では、もしお金が返ってこなかったら銀行は倒産するか?

 

答えはNo。銀行は倒産のリスクを、株や証券という形でほかの投資家に売るのです。例えば1000人の投資家に権利を分配して売れば、商売がこけても、銀行はつぶれず、投資家が1/1000の負債を抱えるだけ、損をして終わるだけです。

 

ではそもそも銀行は貸すお金をどこから持ってくるのか?周りから回収した利子をため込んで、儲けをだして、貸す金を持ってくるのか?

 

答えはNo。商売を始める人の口座の残高に必要なだけ"0"を書き足すだけ。魔法のようにお金を増やせます。もちろん、商売を始める人が、利子を含めてお金を将来きちんと返してくれることが前提の話です。

 

この本を読んでらんぷが一番ショックを受けたポイントでした。リスクを負うことなく、ありもしないお金を貸せるシステム、、

 

らんぷが信仰する物理学の保存則が成り立っていないのです。これはまるで自転車操業です。

 

ほかにも、大戦中の収容所のなかで、配給品から物々交換がおこなわれ、保存のきくタバコが代用貨幣として取引された例が挙げられていました。
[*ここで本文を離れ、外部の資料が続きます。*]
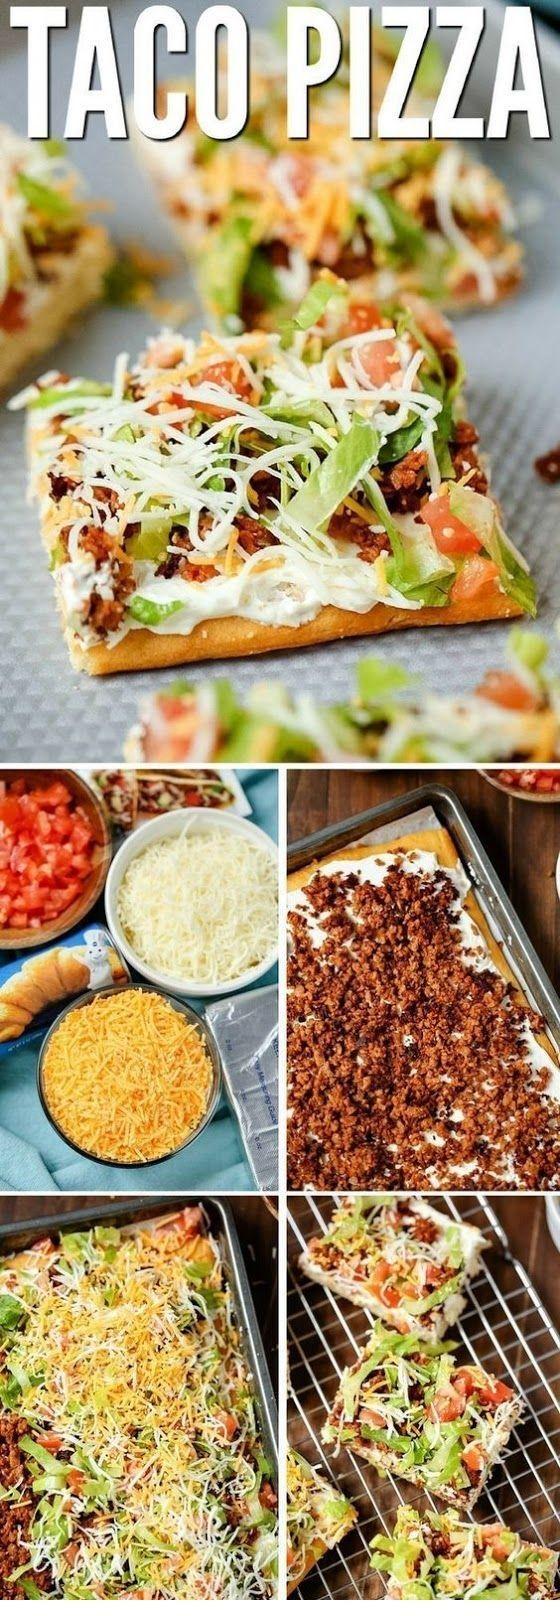 Photo of Taco Pizza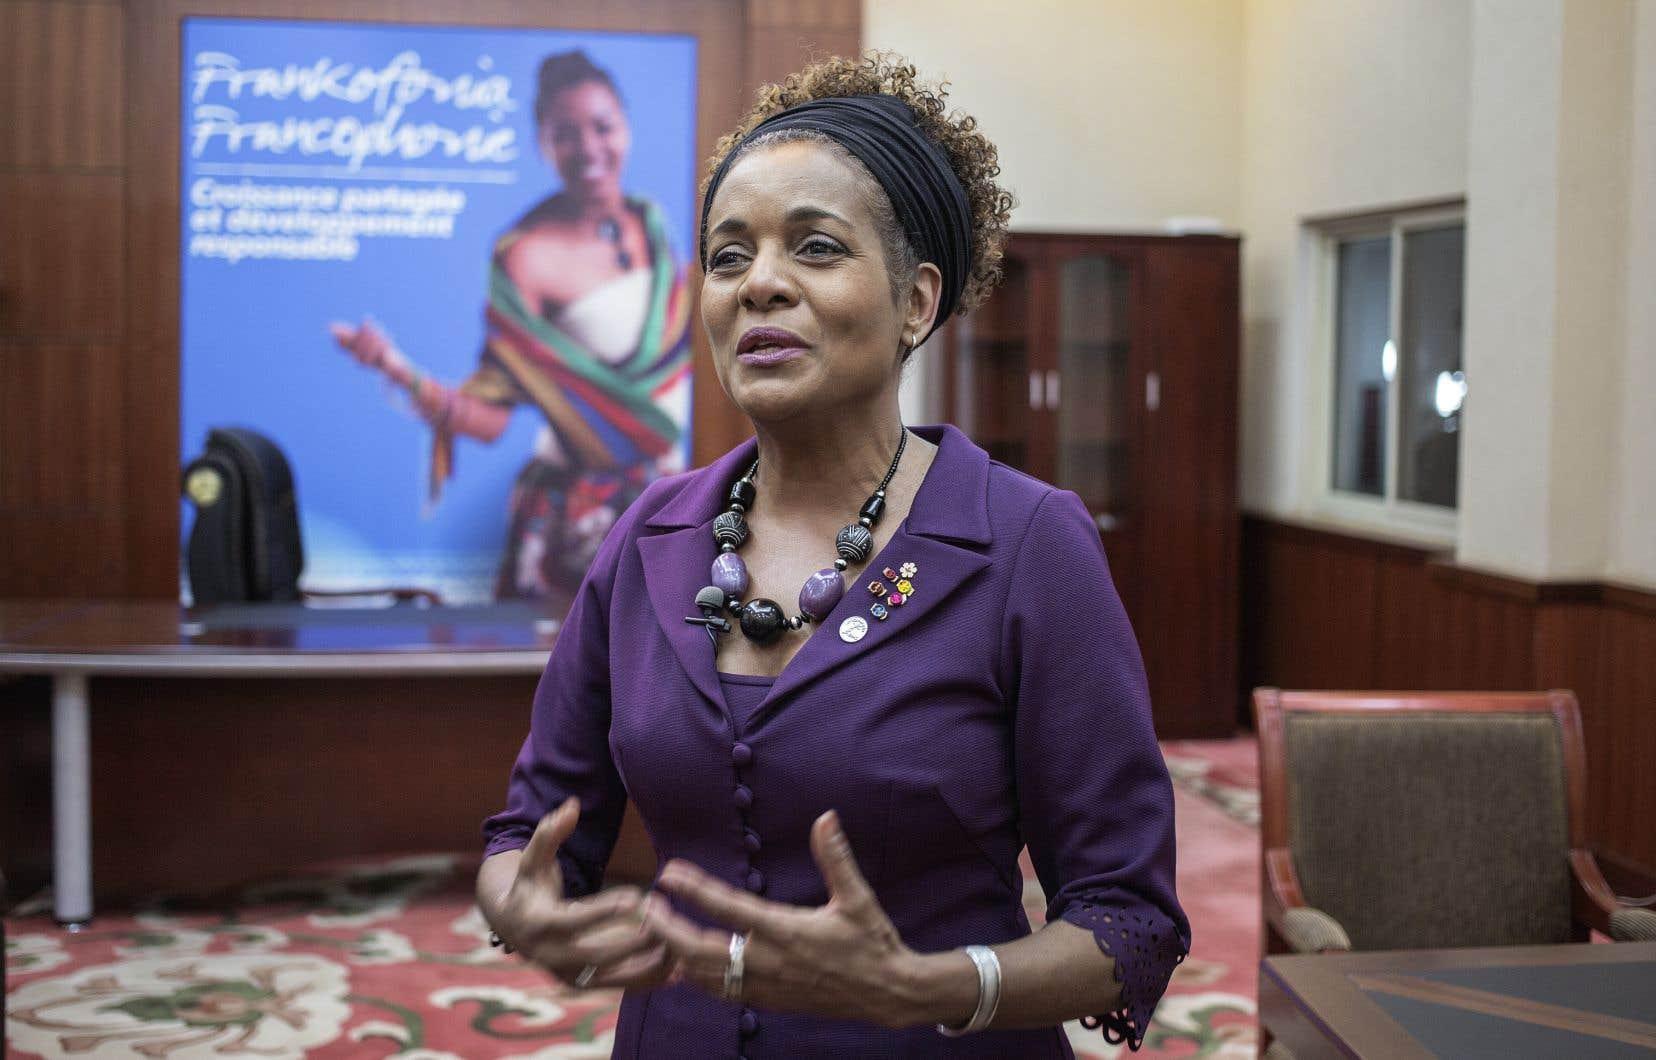 Depuis le début de son mandat de secrétaire générale de l'Organisation internationale de la Francophonie en 2014, Michaëlle Jean, a surtout attiré l'attention pour ses frasques, soulignent les auteurs.

紅茶の好きなイギリス捕虜、コーヒーの好きなフランス捕虜、タバコを介した為替が発生し、ずる賢い者はしっかりと儲けを出したようです。

 

このまま世界はどうなるか?

 

今の経済システムは余剰のやり取りの中でいかに余剰を吸い上げ、増やし、保持するかに発達してきました。債務というありもしないお金を作り出す魔法まで。。

 

宗教、国家、法律で、一部の人間が富を独占するようなシステムがこの数百年で作られました。もし、10人が贅沢するために10000人の労働と搾取が必要ならば、10000人で10人を襲って、富を分配すれば貧富の格差はなくなります。そうならないのが今の世界で、警察や国家、宗教を含めた思想やシステムを作り上げたのが10人の人間なのです。

 

このまま、富を生むために山は削られ、木は切られ、海と空気は汚され、動植物は絶滅し続け、地球温暖化は進み、貧困が広がり、戦争は続きます。

 

この利益追求という考えは、実はつい最近できたばかりの概念なのです。昔、古代ギリシャでは、公益を考えられず、自分のことばかり考える人のことを「イディオテス」と言いました。18世紀のイギリス人学者はこれを「愚か者」と翻訳しました。

 

今の利益追求型の市場社会は、人間を「愚か者」という、地球にとってのがん細胞にしてしまうのです。

 

この本をよんでみて

 

実は、先の収容所でのタバコの話には続きがあります。ヤニスさんの父親は同じように捕虜として配給品で暮らしたことがあったので、その時はどんな様子か聞いてみた様です。

 

父親の答えはこうでした。

「もらった配給品は皆で仲良く分け合った。」

 

儲けようとか出し抜こうというきりのない欲求が産み出した市場社会という巨大なシステム。その先にあるのは破滅と、再生を繰り返しながら格差が広がって行く地獄なのかもしれません。

 

そんななかでも、配給品を仲良く分け合う心と余裕を持って、幸せに生きて行けたらいいなーと思いました。

 

らんぷも、子供が大きくなったら、この本を読ませたいと思います!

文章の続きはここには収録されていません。